В этот день я насильно оторвал себя от музея, отправляясь на обычные свои хлопоты в учреждения. Разборку вещей мы назначили на завтра, и этим завтрашним днем я был полон до счастья. Мутный город, серые люди, грязный снег, изредка пламя флагов. Не весна, не зимняя оттепель, а парная сырость, от которой слякоть гниет под ногами. Туманы страха нависли над людьми, и они толпятся кучками против новых объявлений ревкома, родившихся ночью; доходя до Чека, люди свертывают с тротуара и идут по другой стороне, и многие взглядывают украдкой на большой трехэтажный дом с многочисленными подъездами.

Нет отклика у меня на эти чувства – мое внимание заострено на нашей странной тайне.

Трудная жизнь кругом: для старых людей – кладбище прошлого; и для новых, молодых духом, – нет ясного завтра, есть стремление, есть лишь поход вперед в самум, через пустыню, через клубы бури… Я не знаю и этих сомнений – интересно мне дожить до утра, активно, всем существом своим зарыться в загадку, брошенную случаем. Удивительно скоро удаются мне сегодня хлопоты, и самые неудачи не цепляют глубоко: сорвалось сейчас – потом, выгорит! И я нажимаю на время, толкаю часы и минуты – вперед и скорей! Скорей, – навстречу нашему завтра.

И оно пришло, это утро. Все мы в сборе: я и Букин, Сергей и, в жадном ожидании, Инна. Пол обширной рабочей комнаты завален вещами. Направо – книги. У стены – материи, платья. У другой – статуэтки, иконы, причудливые безделушки. Весь скарб, свезенный вчера. Стол холмится бумагами. Букин сам занялся их разборкой. Работаем молча, быстро – пересматриваем, записываем, откладываем.

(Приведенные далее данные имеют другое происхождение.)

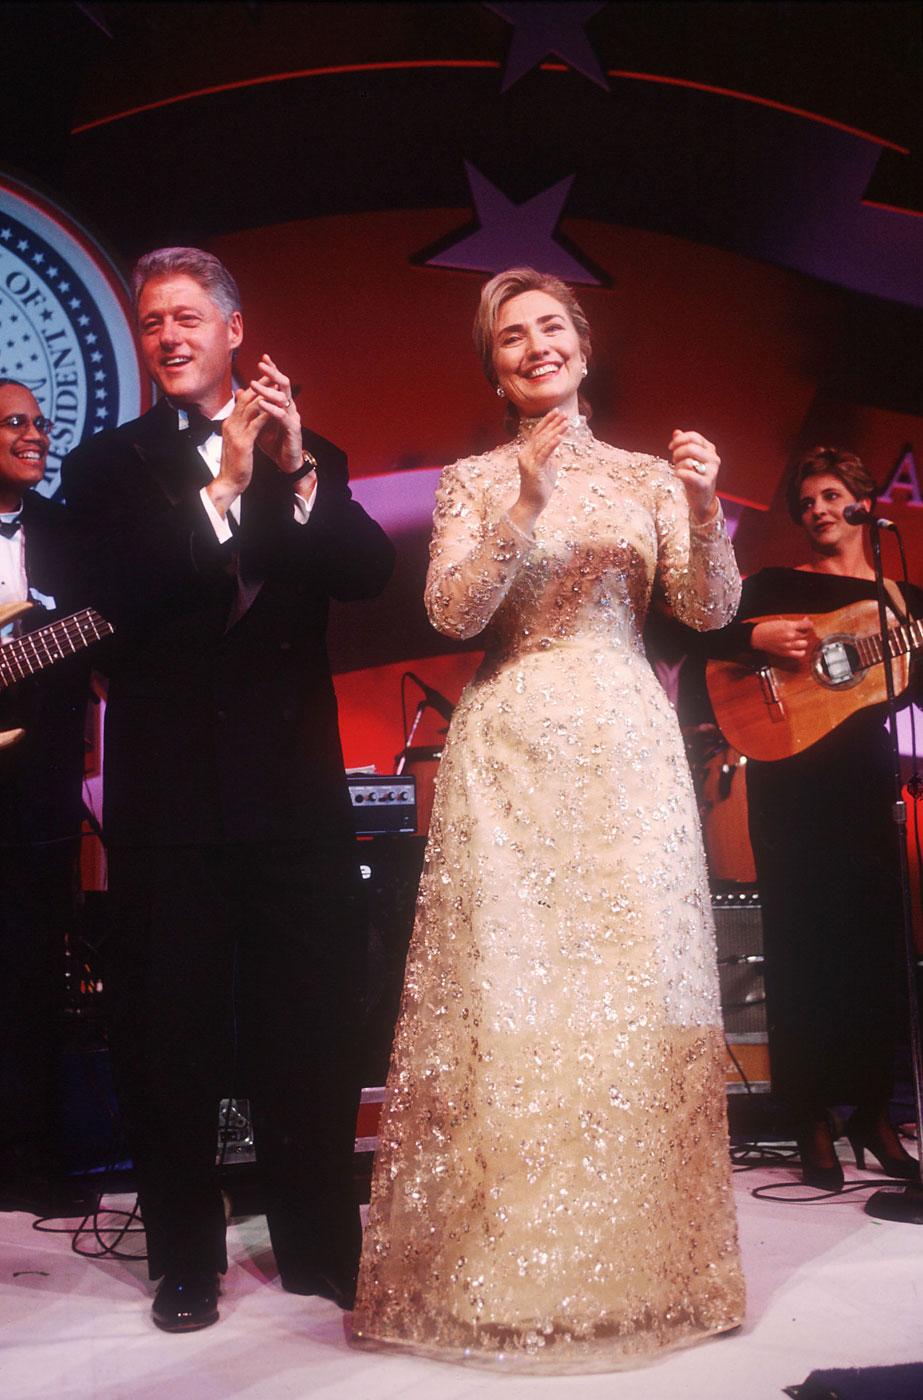 Hillary Clinton wears Oscar de la Renta to the inaugural ball on January 20, 1997 in Washington, DC.
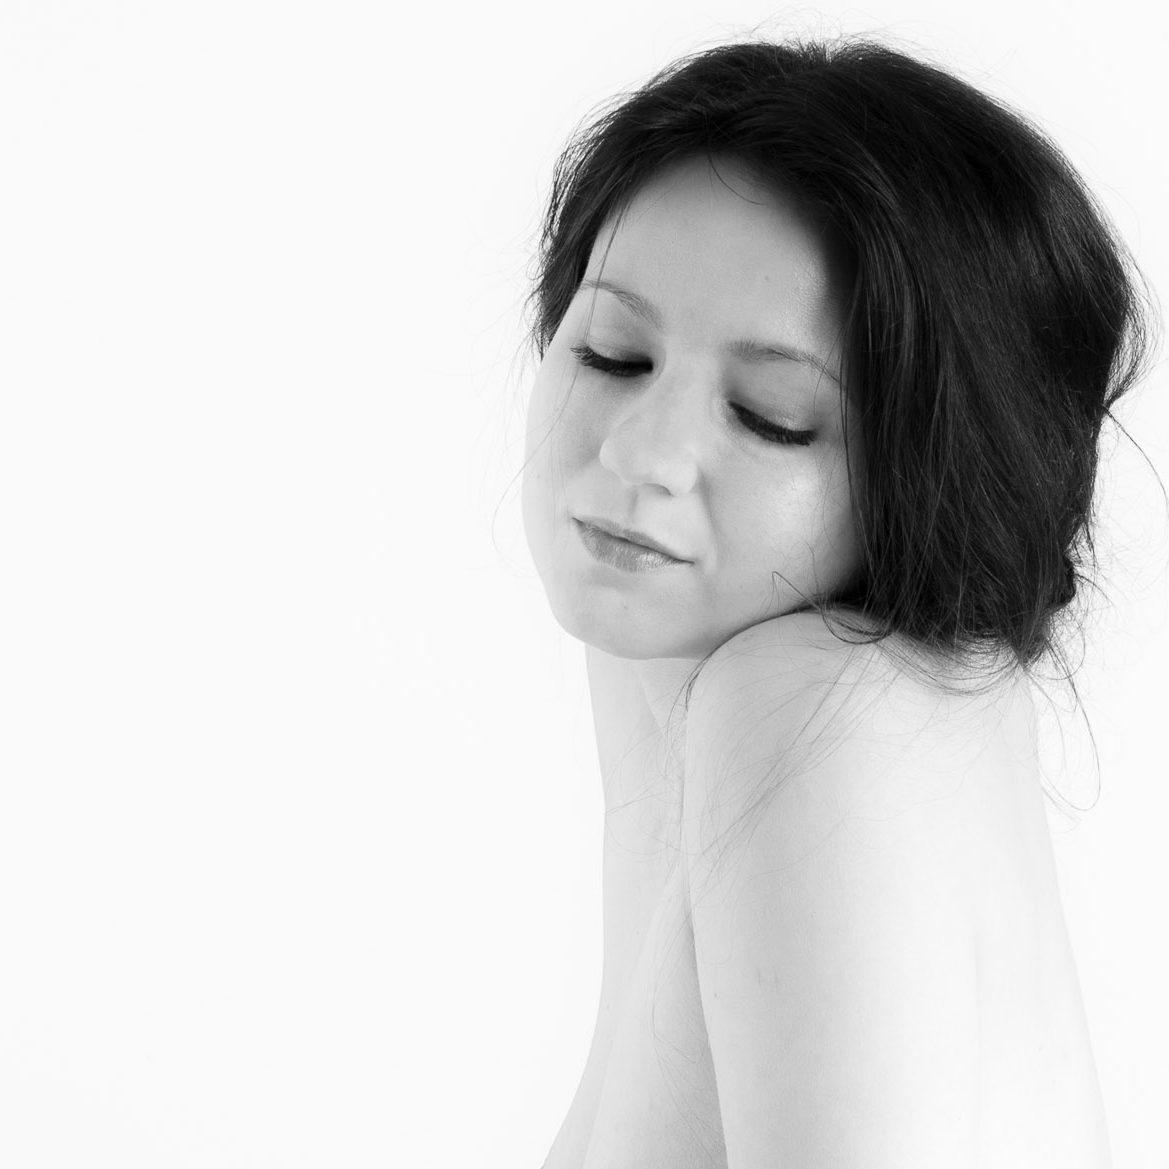 Alexandra T. – Portrait #3

Странно красивы эти вещи отвлеченной какой-то и несродной времени нашему красотой.

О чем звенит мне тяжелая крышка хрустального кубка? Не нужен он, трижды не нужен в моем сознании, а все-таки я любуюсь холодным пожаром лиловых искр в переливах стекла. И совсем нелепо выглядит веский серебряный диск – китайское древнее зеркало. Одна сторона его вспучена завитушками волн, и в волнах рыбы-химеры кусают себе хвосты. Скольких людей пережила эта вещь!

Попадается мне молитвенная подушечка уральского старообрядца. Серебряными цветами расшит малиновый шелк: когда бьет поклоны упрямый кержак – чтобы лба не разбить, подкладывает подушку. И иные странные, дорогие и яркие вещи цветным базаром раскидываются передо мной. А рукописи нет. И загадочное указание «в правой» так и останется неразгаданной тайной. Напрасно мы с Сережей ворочаем сундуки, напрасно остукиваем их дно и стены – там не может быть потайного хранилища.

Вошел татарчонок-уборщик, сказал Букину:

– Юра Васичь, тебя там товарища дожидает.

Морщится Букин:

– Вечно мешают!

Не прошло и три минуты – опять гонцом татарчонок – за мной, на этот раз. Чувствую что-то неладное. В канцелярии Букин и какой-то человек, похожий на жокея. Может быть, потому, что, опершись на стол, охлопывает стэком лакированные краги. Букин в растерянности и затруднен до огорчения.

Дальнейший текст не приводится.